The data are expressed in terms of means ± SD. The normality of data were determined by the Shapiro–Wilk test. The results were evaluated to identify variances between the WT and SREBP1c KO groups using independent two-tailed Student t-tests that were conducted using the GraphPad (version 8.4, GraphPad Software, San Diego, CA, USA) and R studio libraries (R Studio, Boston, MA, USA), ggplot2, and ggsignif. A p-value of less than 0.05 was considered to be statistically significant in all the analyses. Power analysis to determine the minimum number in a sample size required per group was performed using “La Morte’s Power Calculator” at alpha level 0.05 to achieve a power of at least 90% [68]. The minimum required sample sizes obtained using this method were: at least n = 5 mice for mRNA relative expression analysis; n = 3 mice for relative optical density values obtained from western blot analysis.
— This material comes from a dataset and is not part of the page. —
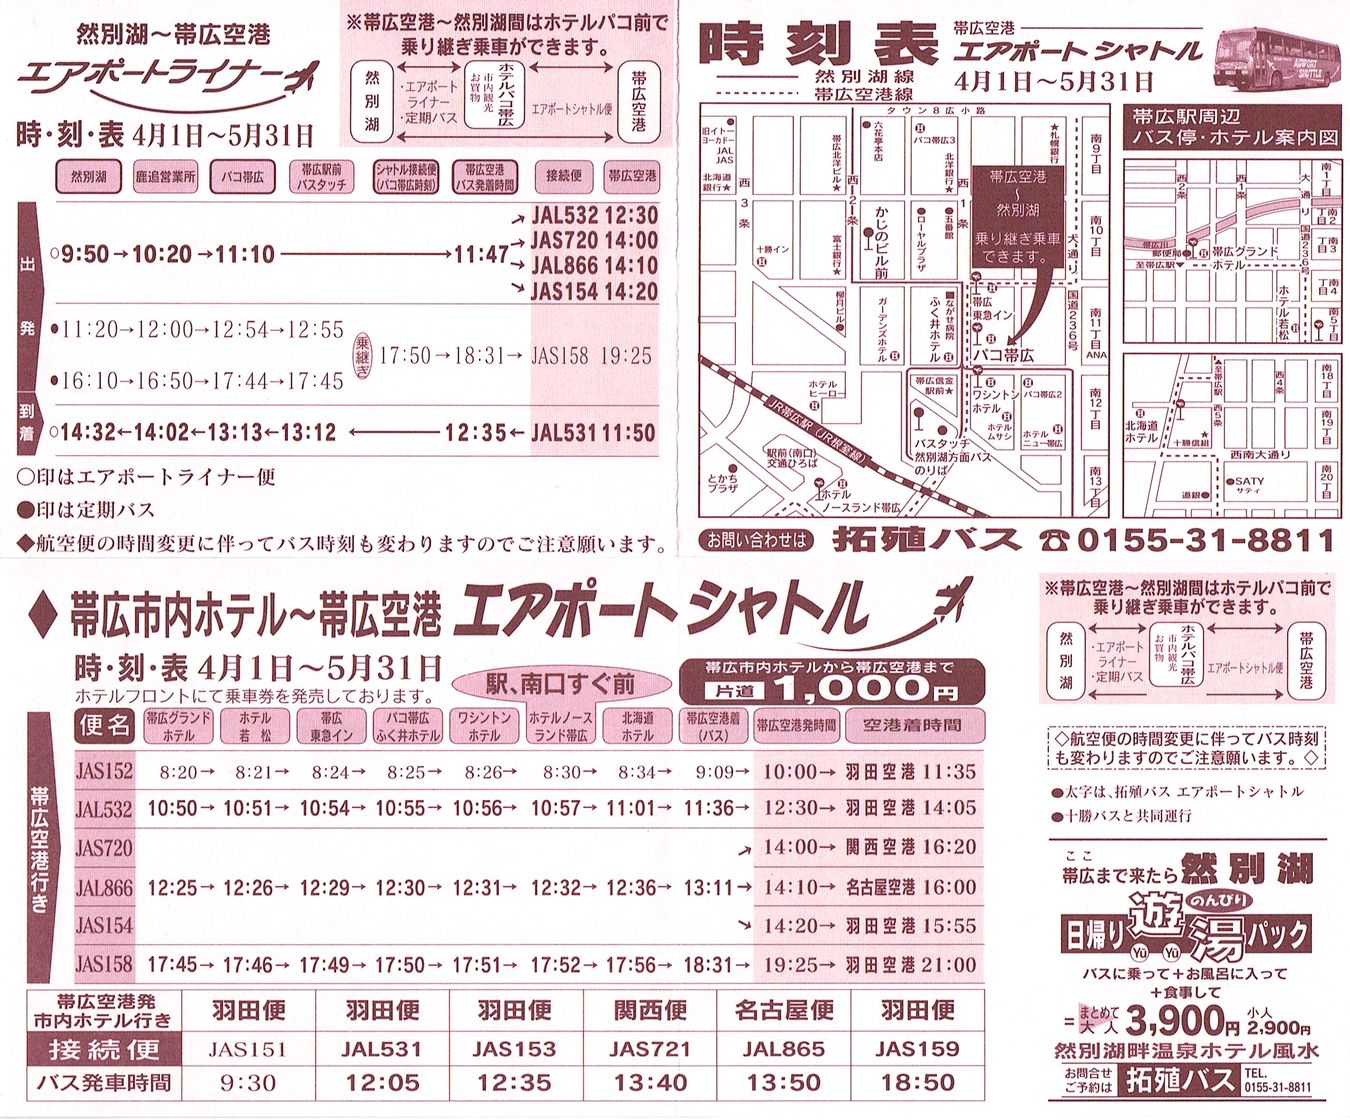 2001-04-01現在_北海道拓殖バス_帯広空港連絡バス時刻表

However, due to costs and technical limitations, the sample size utilized for the RNA-seq analysis was limited to 2 biological replicates, in accordance with previous studies [69,70]. Possible decreases in the true positive rate were compensated by the use of the EdgeR tool [71].

5. Conclusions

In summary, our study highlights the presence of alterations in the expression of novel gene candidates (closely related to schizophrenia-like behavior) in the hippocampus of SREBP-1c KO mice. Based on our results, we propose that the findings in the schizophrenia-like behavioral phenotype of SREBP1-c KO mice are closely linked to the differential gene expression of Glp2r, Ndn, Il1r1, Erbb4, and , which possibly results in changes in signaling transduction, cell differentiation, and cell survival within the hippocampal cell population. However, further scrutiny of the translational value from rodent models to human patients needs to be done to fully establish the relationship with the differentially expressed genes found in this study and the conjectured hippocampal functional alterations. Furthermore, due to the multifaceted hypotheses surrounding the etiology of schizophrenia, it would be worthwhile to explore the developmental transcriptome system of this model in future studies. This would provide an avenue for the elucidation of possible DEGs related to the neurodevelopmental hypothesis of schizophrenia’s etiology. Nevertheless, acquiring this information represents an important starting point for the establishment of new models for schizophrenia and provides a novel avenue for future studies that may explore new therapeutic targets to treat schizophrenia.